Someone once said to me on discovering my interest in gardening, that they didn't think that I would have been "that much of a control freak". Now no one, of course, likes to think of themselves as any kind of control freak, but I can kind of see where he was going. A certain amount of interfering with and organizing of, Mother Nature's bounty is what it's all about. Leaving it entirely to nature only really works if you live in the Amazon Basin; if I left my greenhouse to nature for a couple of weeks it would in fact resemble the Amazon Basin, and I wouldn't be able to get in the door. Indeed I often can't. So there has to be a certain amount of "ordering nature" going on in all gardening to make it work.
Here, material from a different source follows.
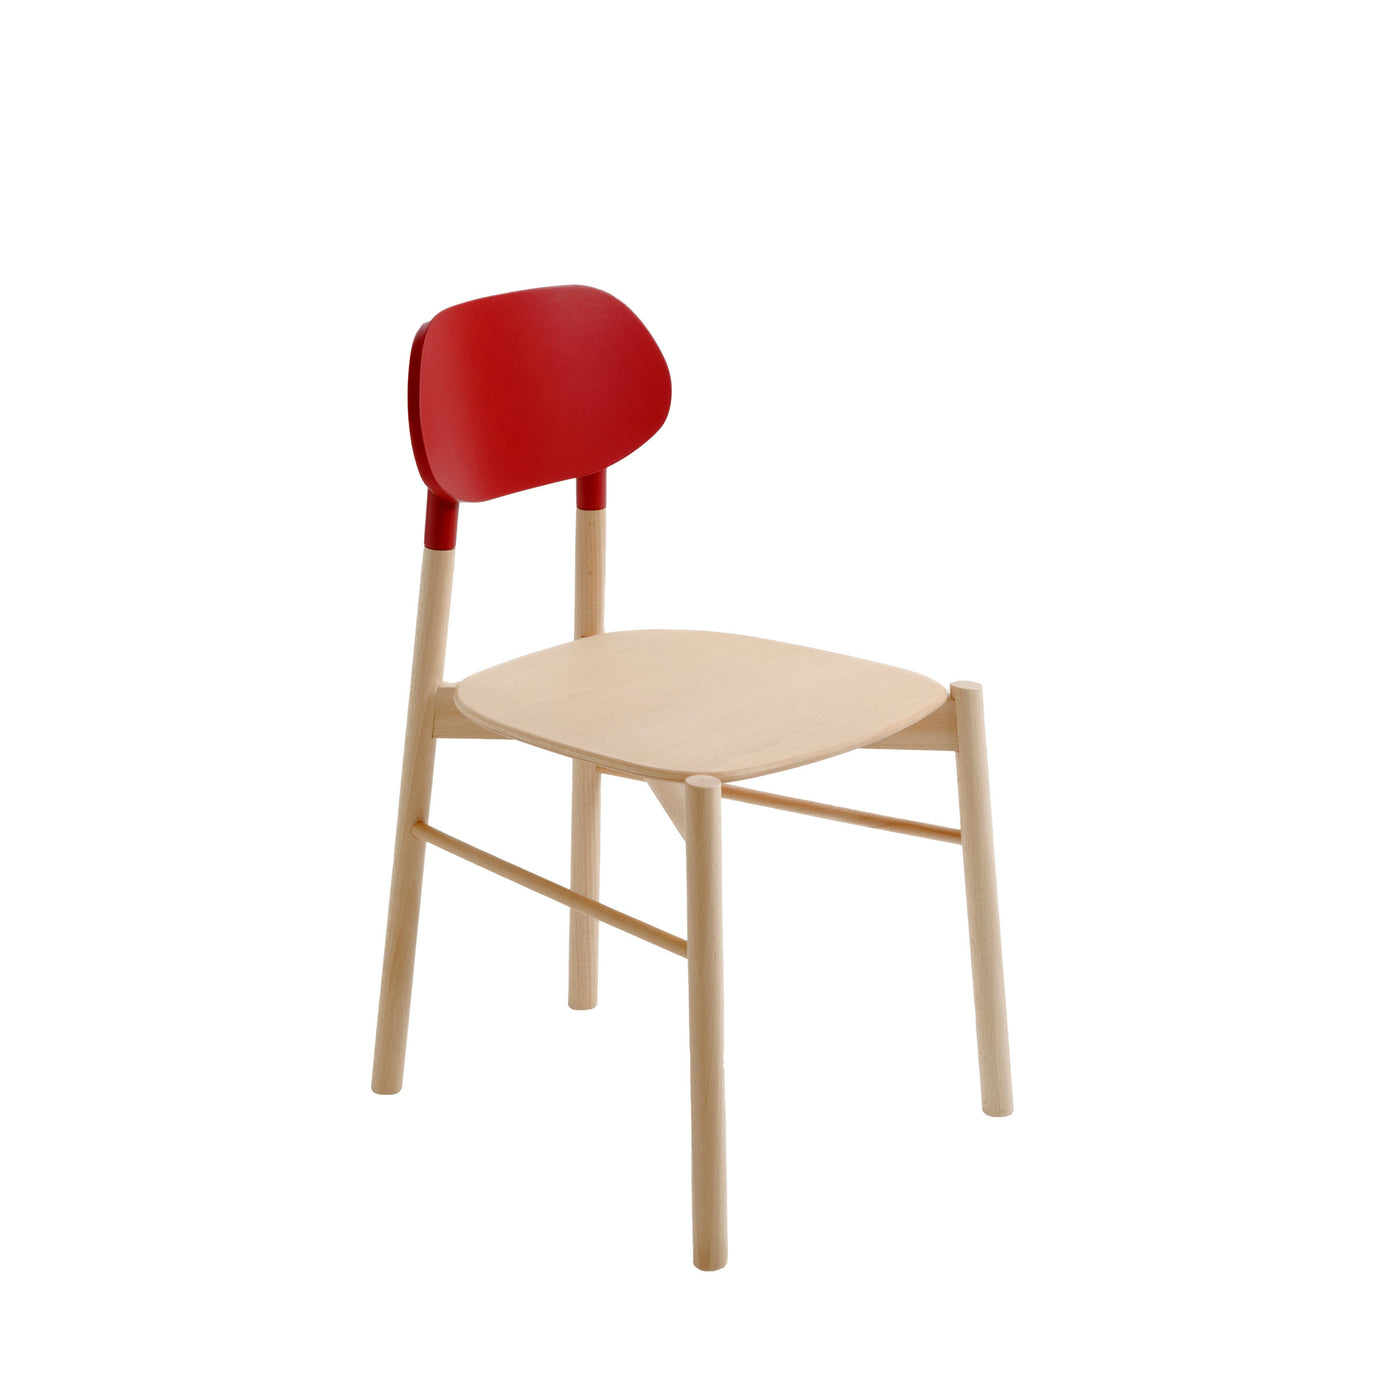 Wood Dining Chair BOKKEN by Bellavista + Piccini for Colé Italia 05
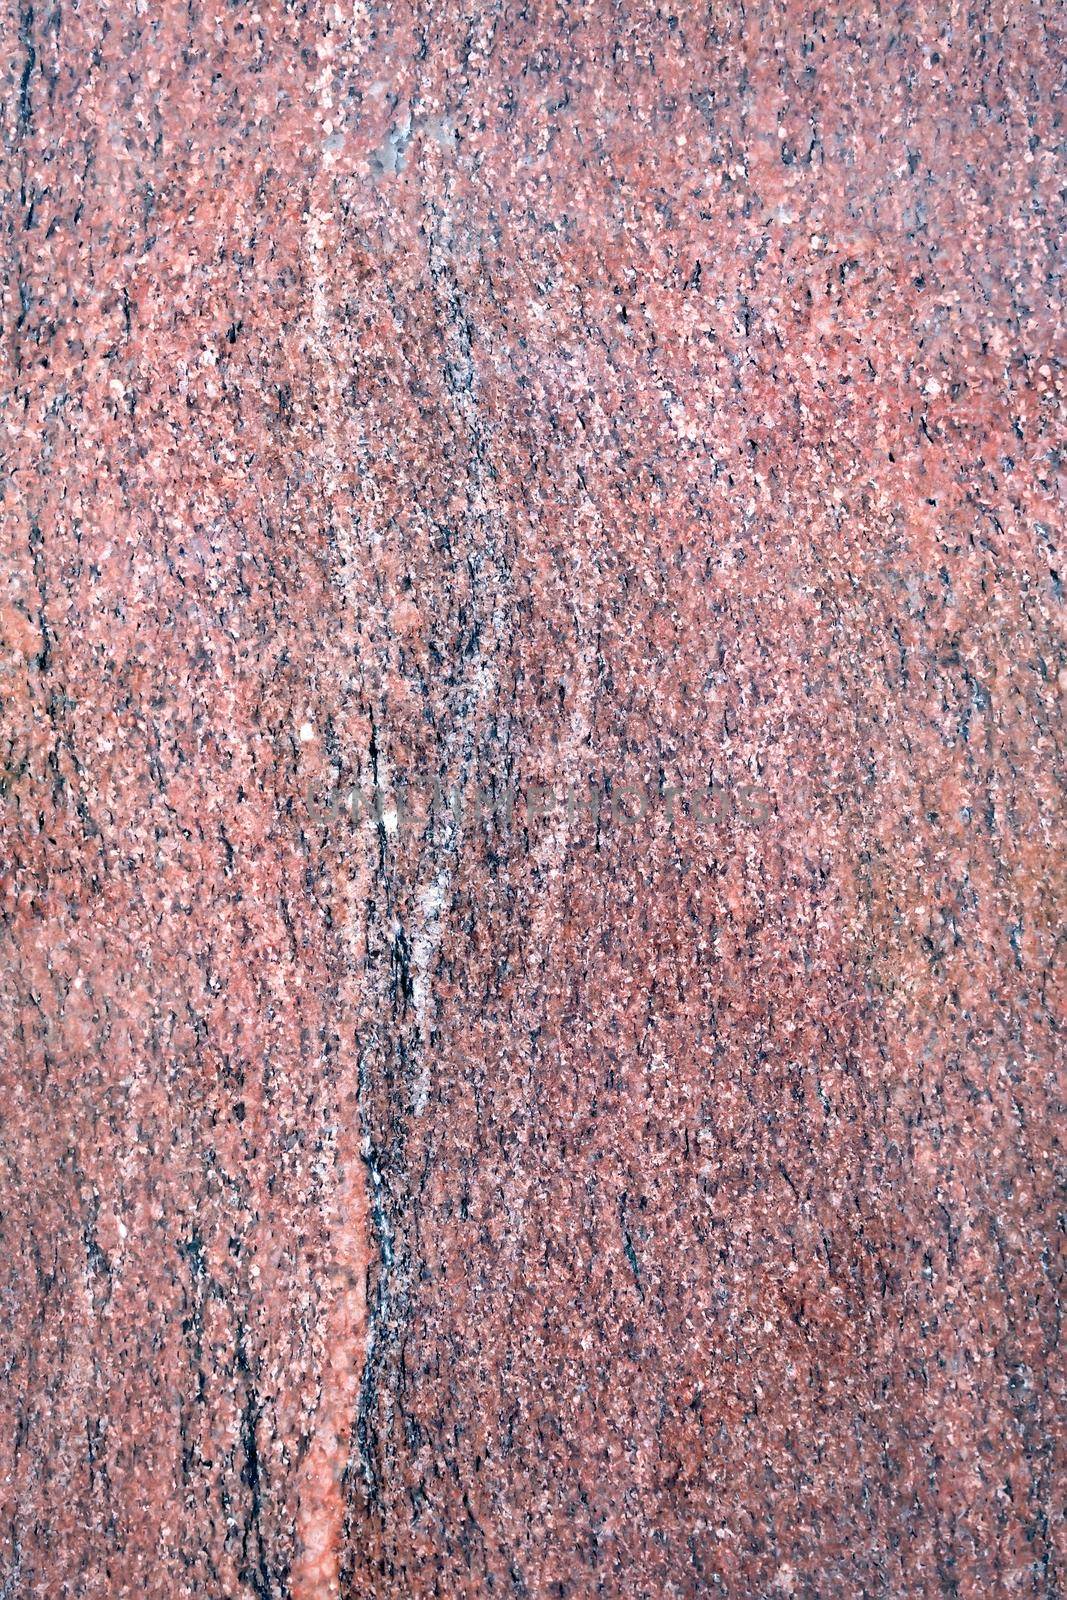 Texture of the treated brown granite

Or as a cleaning lady I once had, used to put it "Making order out of chaos dear", (what could she have meant?).

Certainly serried ranks of tulips have faded from fashion in suburban gardens, and with council bedding schemes becoming as rare as hens teeth, cheaper and more natural looking prairie style planting is springing up on roundabouts the length of the country. There's been quite a fashion for gardening "au naturel" in recent years, and I don't just mean that naturist couple who garden in Malmesbury in the altogether. Of course, gardeners have always looked to acheive a "natural" appearance in their schemes - hiding supports under the flowers and foliage and so on. But we all know really that it's complete nonsense, and that looking natural has nothing at all to do with how the garden would look if you really did leave it to nature. But wildflower meadows, ornamental grasses, natural ponds are the effects for which we all must now strive if we are to keep pace with modern horticultural trends.

I I have to confess I can't seem to get to grips with ornamental grasses very much really, I think they know I don't like them much, and so they don't do well for me, - you can only grow what you like the look of, as indeed you can only successfully cook what you enjoy eating, but I have made a small experiment with a wildflower patch, and it has been sufficiently successful to encourage me to expand the idea for next year.

I used a packet of wildflower seed, although most of what came up was the pretty yellow Corn Marigold, which used to be a ubiquitous weed of cornfields before industrial farming did for it (and many other once common but now rare and endangered wild flowers).

Anyway it has spread its grey-green foliage and bright yellow flowers around enthusiastically, almost as though it can't quite believe no one has come along in a tractor and sprayed it from a great height with Glyphosate, and in company with some red field poppies, the odd bright blue cornflower and a bit of white chamomile has made a tiny "natural" patchwork of the kind you would never ordinarily plant in your border, but which has a charm all of its own. It's also good for the bees, which is always a consideration in my garden. So I've been collecting the seed from the very many seedheads, and am hoping to expand the planting area next summer into a Monet-esque cornfield ( what do you mean ambitious..?) but without the corn of course. Come to think of it, the corn might actually come in handy for the chickens...Hmm.. Anyway it's a sloping area under trees which currently supports a good display of daffodils in the spring, but not much else, so I'm hoping this plan will fit in with the early bulbs and provide a continuity of flowers through the summer and autumn.